Oblivious to the fact that he'd shaken two attractive amateurs from the mosquito nets of drowsiness and reversed an outside observer's decision to go to the men's room for a toke of marijuana, Bunny continued: “Science knows that the disappearance of dinosaurs and the appearance of flowers occurred simultaneously, yet, strangely, it has never drawn much of a connection between the two events. It is up to perfumers to correct the oversight.

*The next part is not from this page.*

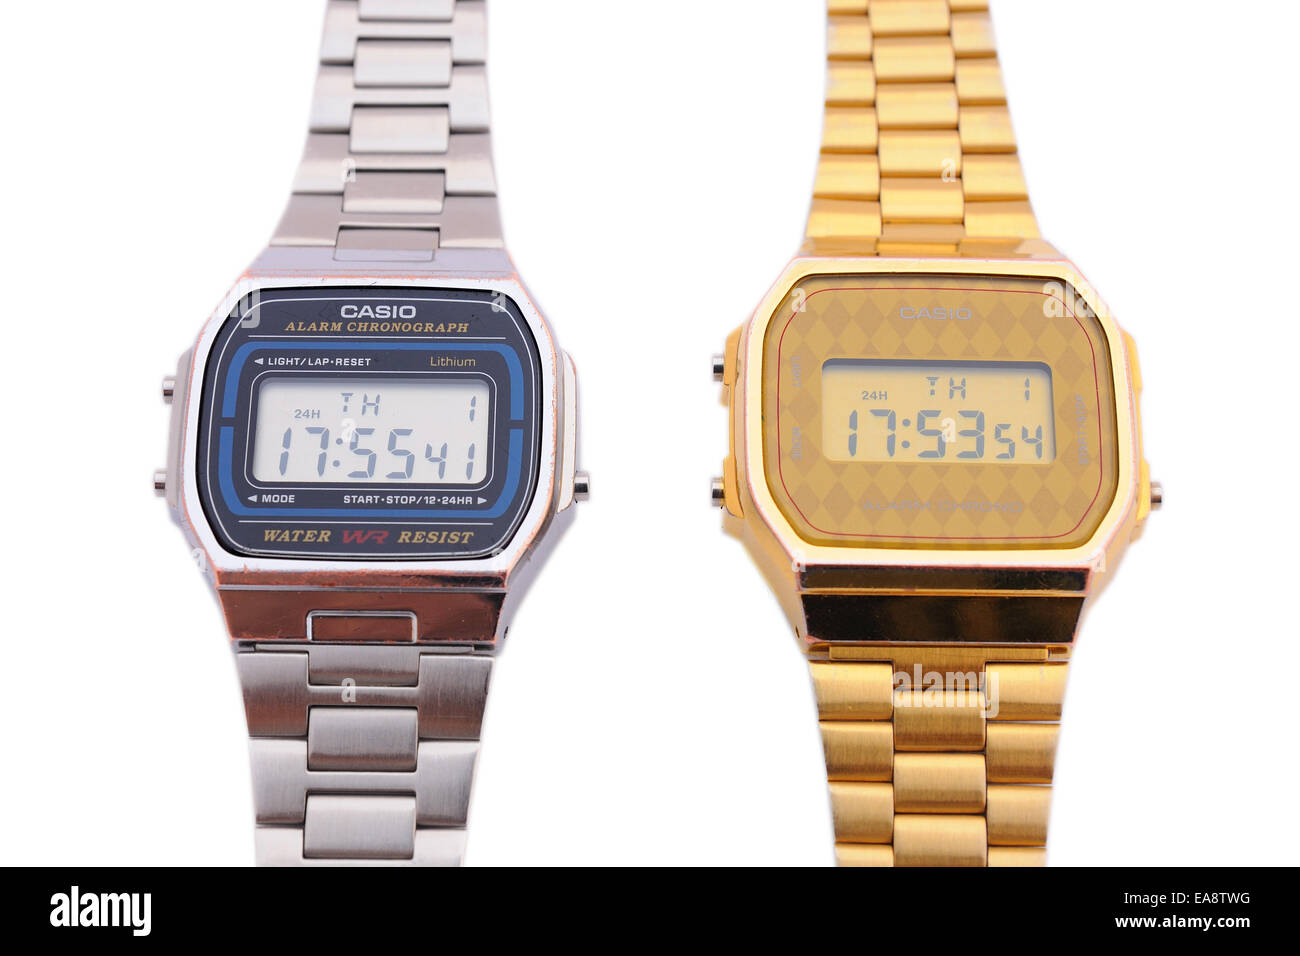 BARCELONA - Juli 12: Zwei Casio Uhren eine goldene Farbe und die andere in Silber am 12. Juli 2013 in Barcelona, Spanien. Stockfoto

“Vegetarian dinosaurs dined on ferns, floating water plants, and the palmlike cycad. They were not very intelligent, and certainly not very French, having developed a limited, strictly specialized diet. When the great mountain building took place during the Cretaceous Period, seaways drained and swamps dried up. First the aquatic plants, then the ferns and cycads succumbed. Insufficient surface water. Some new plants had been gradually moving in, however. These plants were inconspicuous at first, and neither the dinosaurs nor the swamp plants paid them much attention. Ah, but they had plans for the future. They began to grow their roots longer and longer, sink them deeper and deeper, until they could reach the moisture trapped beneath the surface, and when their stringy little exploratory organs hit the water table — POW!” (Bunny smacked the podium; if V'lu and Priscilla hadn't been awake before, they were now.)

“POW! They exploded in a scandalous display of sexual invitation.

“The old claw-and-fang world of drab, predatory, reptilian repression had never seen anything like this. Lasciviously colored, scandalously scented blossom after blossom flaunted its genitalia openly, enticing with visual and heretofore unknown olfactory charms any who might be inclined to sample its pleasures.

“With their appalling genius for adaptability, insects responded enthusiastically to the outbreak of sensuality. So did the smaller birds. Dinosaurs, however, were repulsed. Although their reproductive equipment must have been monumental — the penis of a Brontosaurus would have been only a couple of yards shorter than the thirty-foot organ of the great blue whale — it was kept out of sight and infrequently used. The dim-witted, thin-blooded dinosaur was not a hot lover, another way in which it differed from the French.” There was a soft ripple of laughter. Very soft. “It mated once a year, barring headaches. So put off was the prudish dinosaur by the sexy smell of flowering plants that it starved to death and went extinct rather than eat them.”